@macshonle@c.cim - Mastadon

21 March 2010

Beware Approximate Models

Joel Spolsky has closed his blog Joel of Software, but the discussion he started continues. One persistent article is on The Law of Leaky Abstractions. While there are other critiques of the claims in the article, none have quite settled on what I found unsettling about it. We must properly use abstraction and beware of both its advantages and limitations. In particular, it is dangerous to use an abstraction with an oversimplification of how it works.

What Abstraction Is
Abstraction
is a mechanism to help take what is common among a set of related program fragments, remove their differences, and enable programmers to work directly with a construct representing that abstract concept. This new construct virtually always has parameterizations: a means to customize the use of the construct to fit your specific needs. For example, a List class can abstract away the details of a linked-list implementation-- where instead of thinking in terms of manipulating 'next' and 'previous' pointers, you can think on the level of adding or removing values to a sequence. Abstraction is an essential tool for creating useful, rich, and sometimes complex features out of a much smaller set of more primitive concepts.

Abstraction is related to encapsulation and modularity, and these concepts are often misunderstood.

In the List example, encapsulation can be used to hide the implementation details of a linked-list; in an object-oriented language, for instance, you can make the 'next' and 'prev' pointers private, where only the List implementation is allowed access to these fields.

Encapsulation is not enough for abstraction, because it does not necessarily imply you have a new or different conception of the constructs. If all a List class did was give you 'getNext'/'setNext' style accessor methods, it would encapsulate from you from the implementation details (e.g., did you name the field 'prev' or 'previous'? what was its static type?), but it would have a very low degree of abstraction.

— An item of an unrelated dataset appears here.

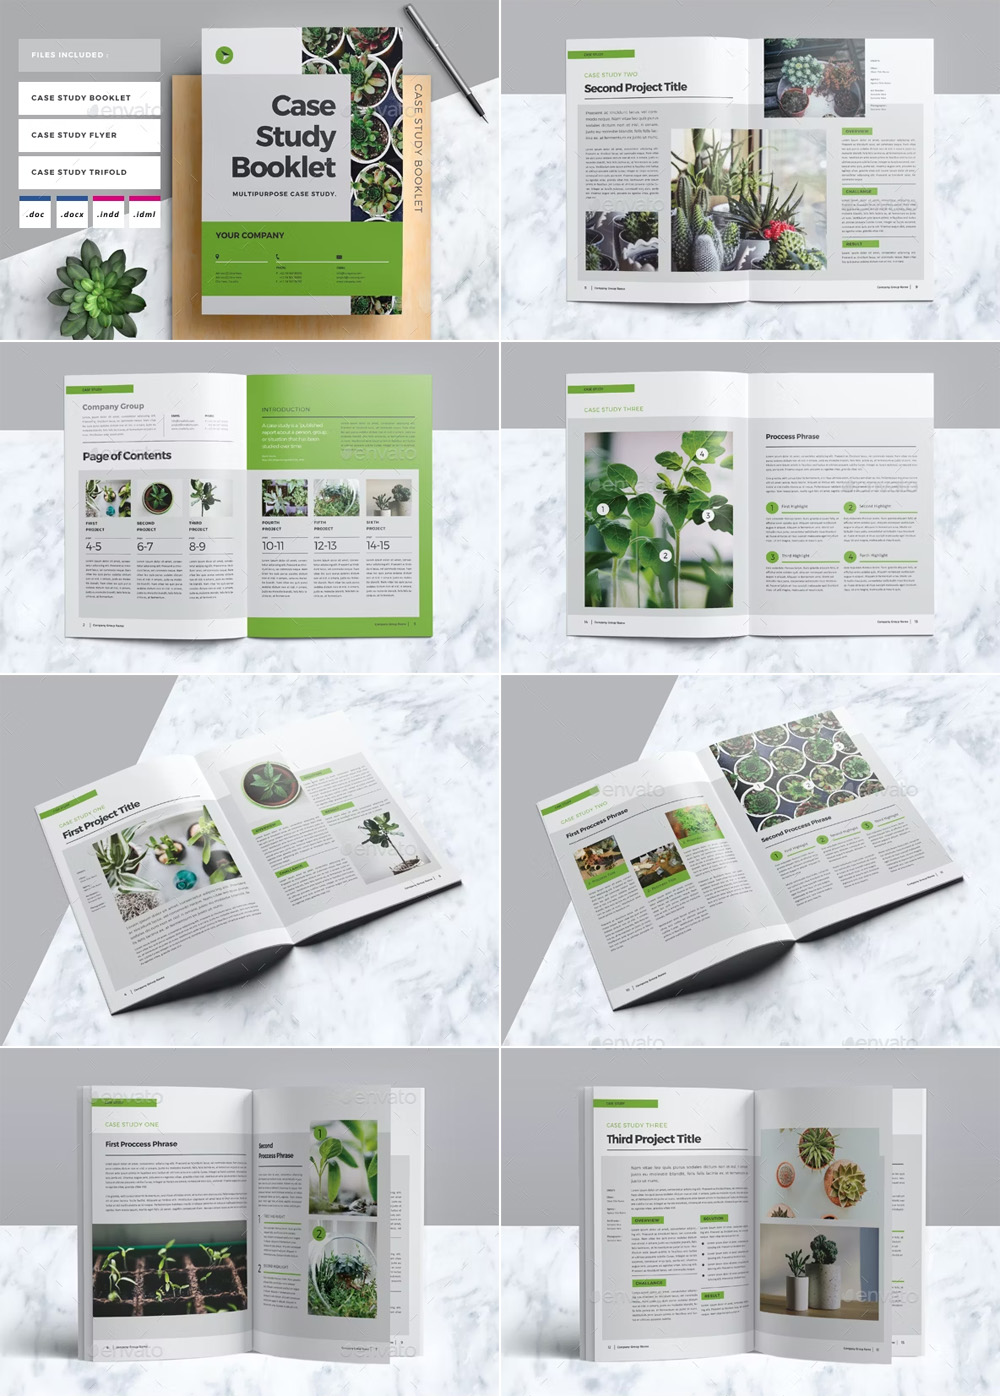 Case Study Booklet Design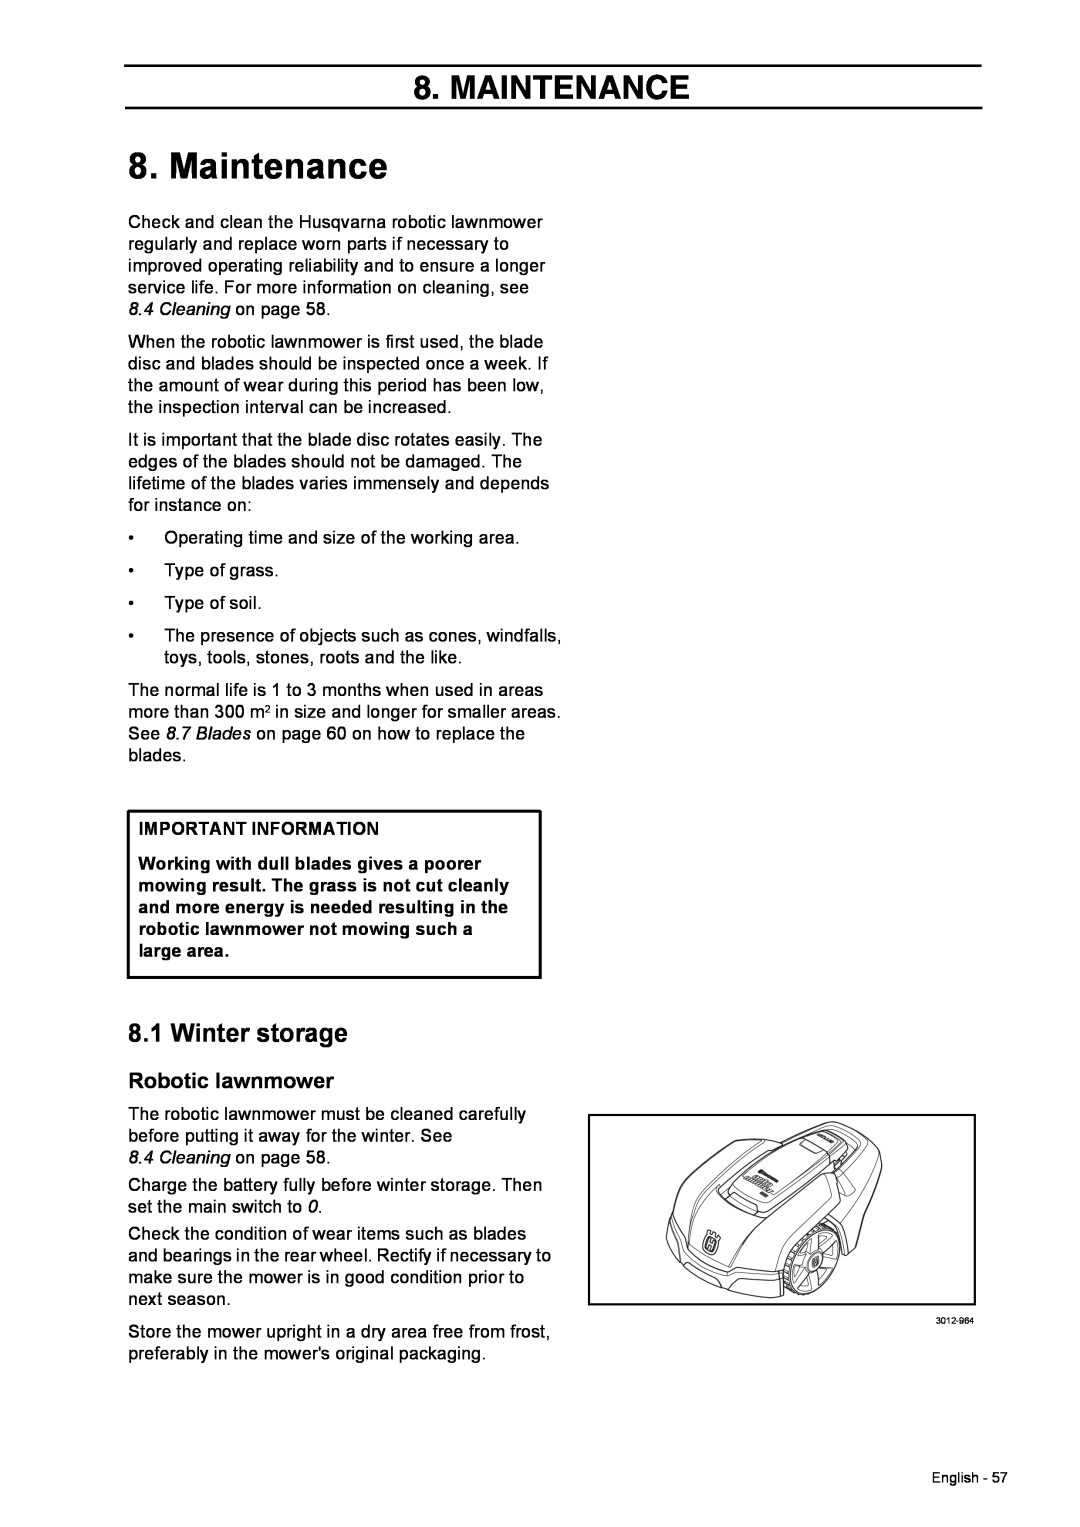 Husqvarna 308 manual Maintenance, Winter storage, Robotic lawnmower, Important Information

Modularity is concerned with information hiding: Stable properties are specified in an interface, and a module implements that interface, keeping all implementation details within the module. Modularity helps programmers cope with change, because other modules depend only on the stable interface.

Information hiding is aided by encapsulation (so that your code does not depend on unstable implementation details), but encapsulation is not necessary for modularity. For example, you can implement a List structure in C, exposing the 'next' and 'prev' pointers to the world, but also provide an interface, containing initList(), addToList(), and removeFromList() functions. Provided that the rules of the interface are followed, you can make guarantees that certain properties will always hold, such as ensuring the data-structure is always in a valid state.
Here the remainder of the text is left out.